Defined Contribution plans:

Contribution to defined contribution plans being Employee Provident Fund, Employee State Insurance, Employee Pension Schemes and Labour Welfare FunO are recognised in the profit and loss account during the period in which the employees render the related services.

Defined Benefit Plans:

Liabilities in respect of defined benefit plans being Gratuity and Leave encashment are determined based on an actuarial valuation using the projected unit credit method. Actuarial gains or losses are recognised immediately in the Profit and Loss account.

viii Foreign Exchange Transactions

Foreign currency transactions are accounted at the exchange rates prevailing at the date of the transaction. All monetary assets and liabilities relating to foreign currency transactions remaining unsettled at the end of the year are translated at the year-end rate and the difference in translation and realised gains and losses on foreign exchange ransactions are recognised in the Profit & Loss Account.

ix Taxes on Income

The Current charge for income taxes is calculated in accordance with the relevant tax regulations applicable to the Company on the estimated total income for the year.

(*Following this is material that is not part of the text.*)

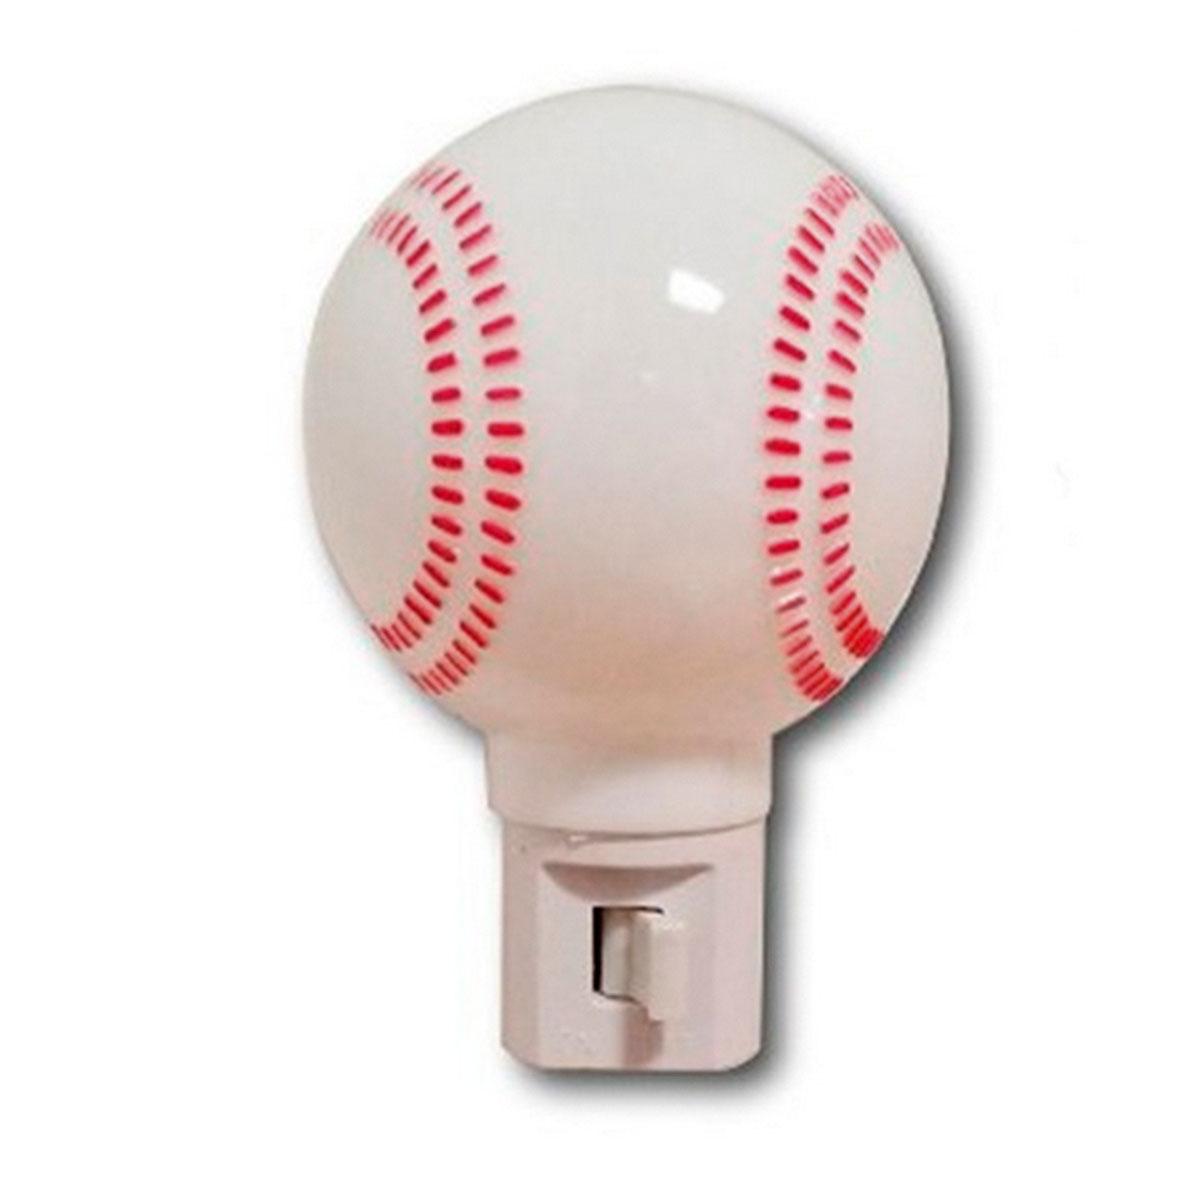 Lampara Luz De Noche Pelota Beisbol Niños Hogar Recamara Foy

Deferred tax assets and liabilities are recognised on timing differences between taxable income and accounting income, originating in one period and expected to reverse in subsequent periods.

Deferred tax assets and liabilities are measured using the tax rates and tax laws that have been enacted or substantively enacted as on the Balance Sheet date.

x Segment Reporting

The Companys operations mainly comprises breeding of layers and broilers and trading in poultry and poultry related products. These activities constitute the primary segment i.e., Poultry Operations.

xi Leases

The Companys significant leasing arrangements are in respect of operating leases for premises like operational units, offices, residences etc. These leases which are not non-cancellable are generally for more than 11 months, or for longer periods and are usually renewable by mutual consent on mutually agreeable terms. The aggregate lease rentals payable are charged as Rent to Profit and Loss Account.

xii Earnings Per Share

Basic Earnings Per Share is calculated by dividing the net profit or loss for the period attributable to equity share holders by the weighted average number of equity shares outstanding during the period.

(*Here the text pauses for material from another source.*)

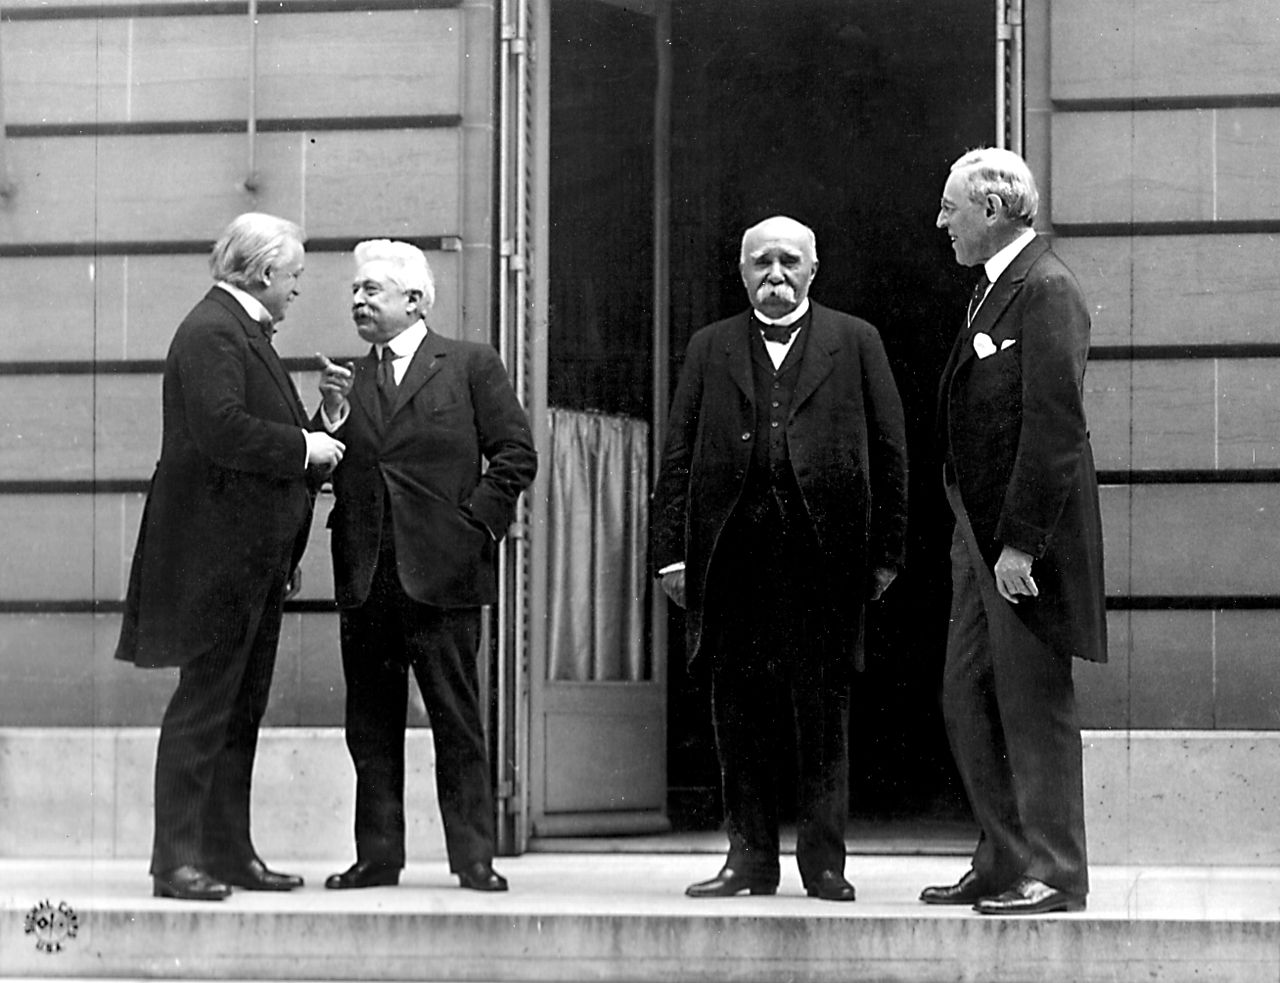 Big four Το Συμβούλιο των Τεσσάρων στη σύνοδο ειρήνης Λόιντ Τζορτζ Βιττόριο Ορλάντο Ζωρζ Κλεμανσώ Γούντροου Ουίλσον

For the purpose of calculating the diluted earnings per share, the net profit or loss for the period attributable to equity share holders and the weighted average number of shares outstanding during the period are adjusted for the effects of all dilutive potential equity shares.

xiii Impairment of Assets

The carrying amounts of assets are reviewed at each balance sheet date to determine whether there is any indication of impairment. If any such an indication exists, then the carrying value is reduced to the higher of the net selling price or the value in use. The value in use is the present value of estimated future net income expected from use of the asset.

xiv Provisions / Contingent Liabilities

Provisions are recognised, when the Company has a present legal or constructive obligation, as a result of past events, for which it is probable that an out flow of economic benefits will be required to settle the obligation and a reliable estimate can be made for the amount of the obligation. The disclosure is made for all present or possible obligations that may but probably will not require outflow as contingent liability in the finanical statements.